In other books on LOA, the materialism isn’t quite so bald, the hubris and lack of humility much less egregious. But no one to my satisfaction addresses the blame-the-victim issue at the slippery heart of this; in a culture that’s already not too fond of "losers," do we really need another reason to disdain or pity those who suffer because they’re not "manifesting" the right reality? In a culture that already likes to look away from systemic political and economic oppression (bo-ring!), do we need another excuse to walk away from it all and say, "not my problem"?
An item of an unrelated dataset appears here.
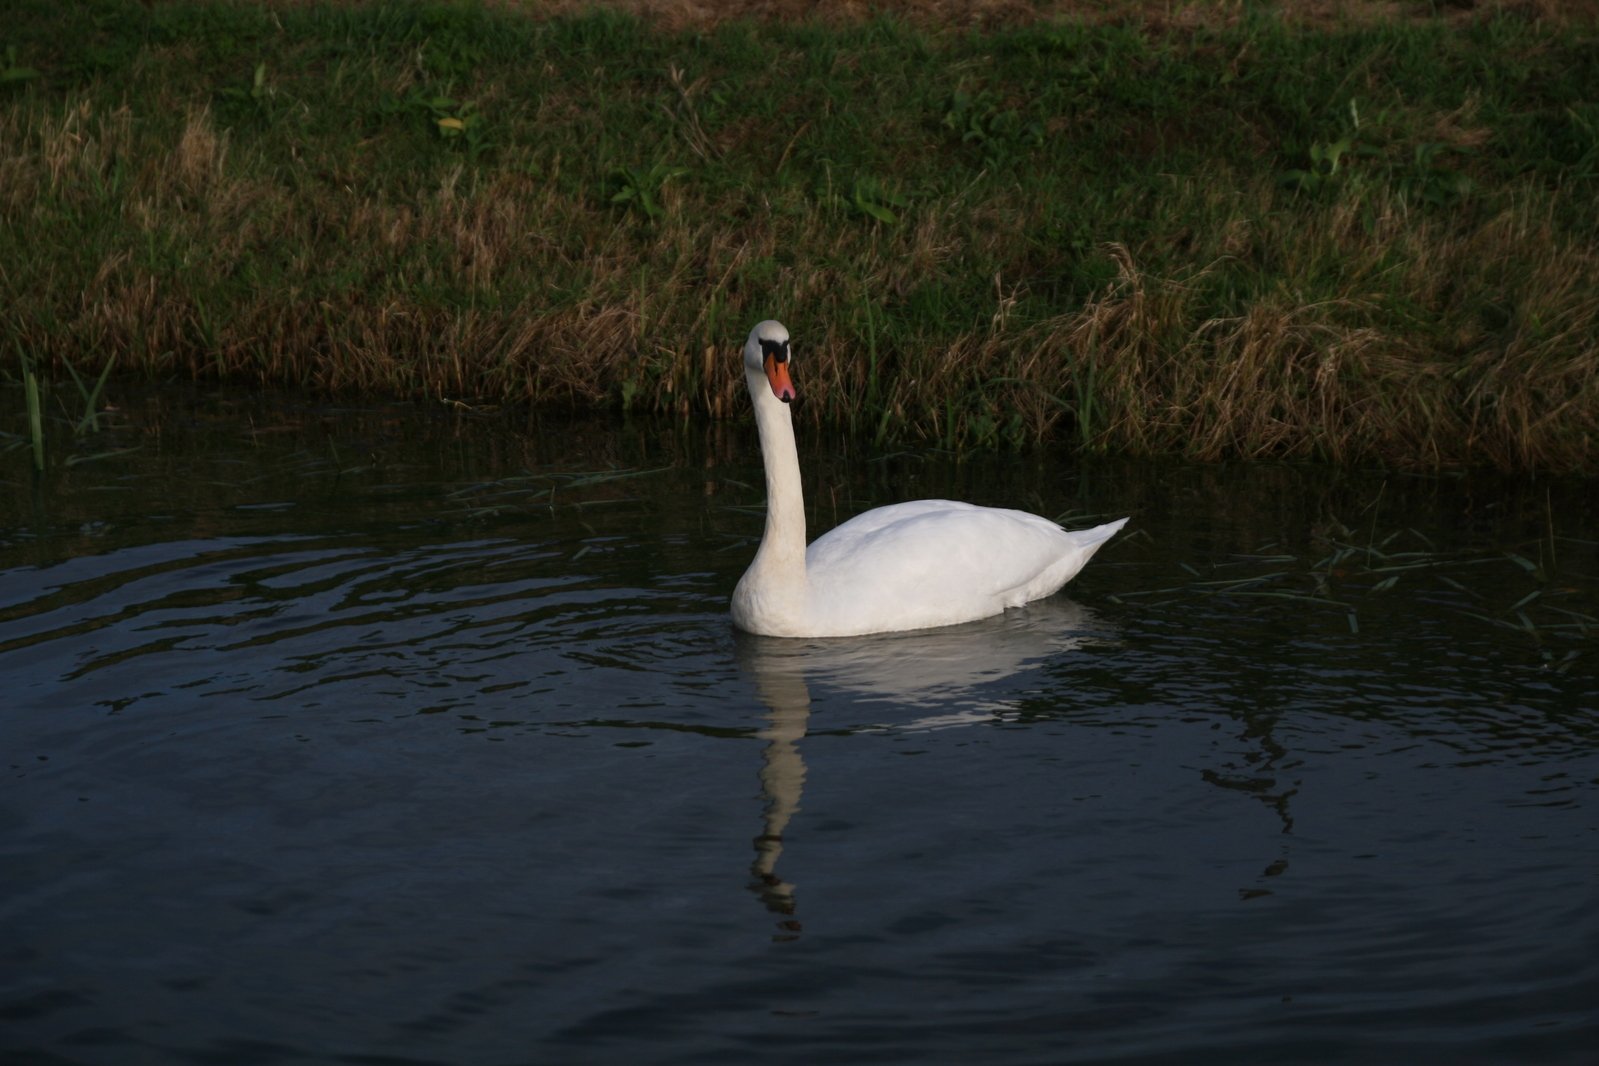 there is a swan that is swimming in the water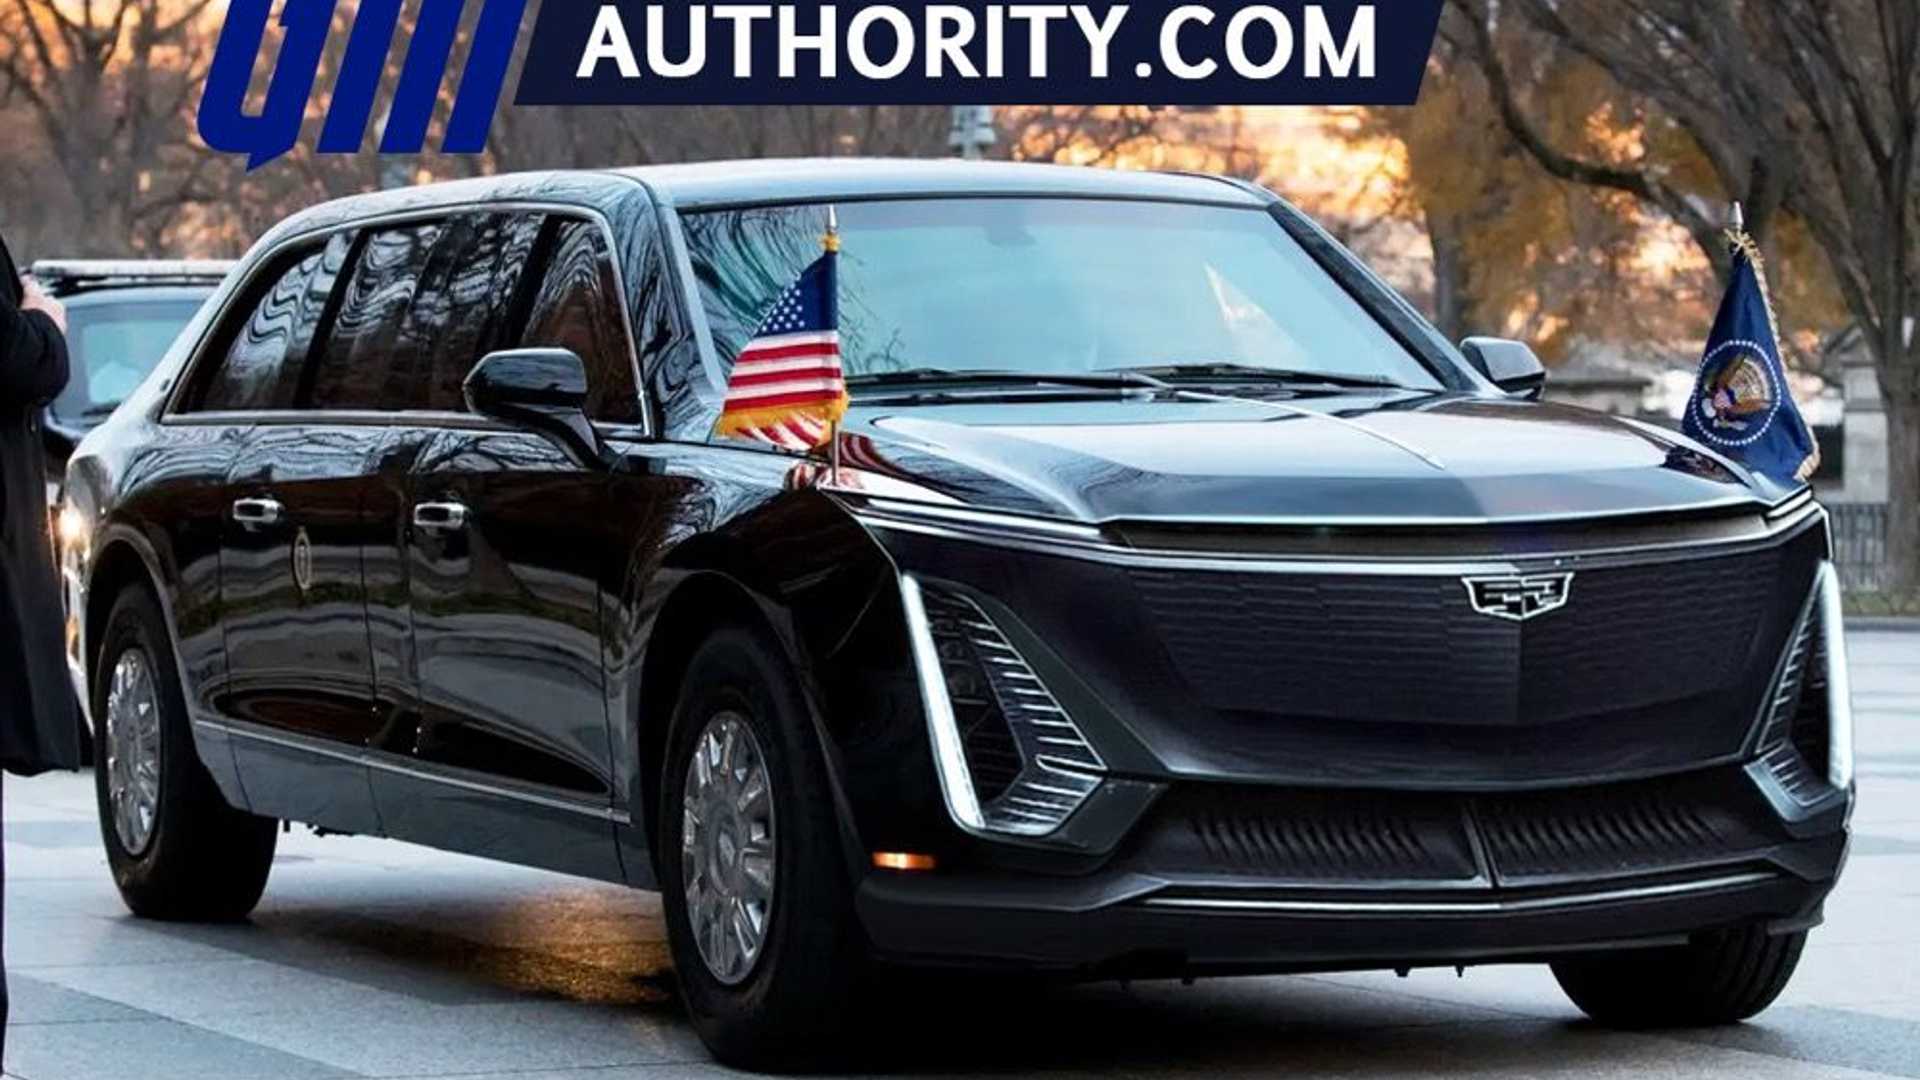 Cadilac Presidential Limousine Wallpapers

"The Secret" feels like white rice to me—stripped of its nutrition for maximum palatability and fluffy appeal. And I’m all for fluff, with the Entertainment Weekly subscription to prove it. But not when it comes to something as serious as creating genuine joy and peace. That should be sacred—done with a combination of faith in a force that knows better than I do and compassionate free will to make my life and the world a better place. Manifest that, Universe.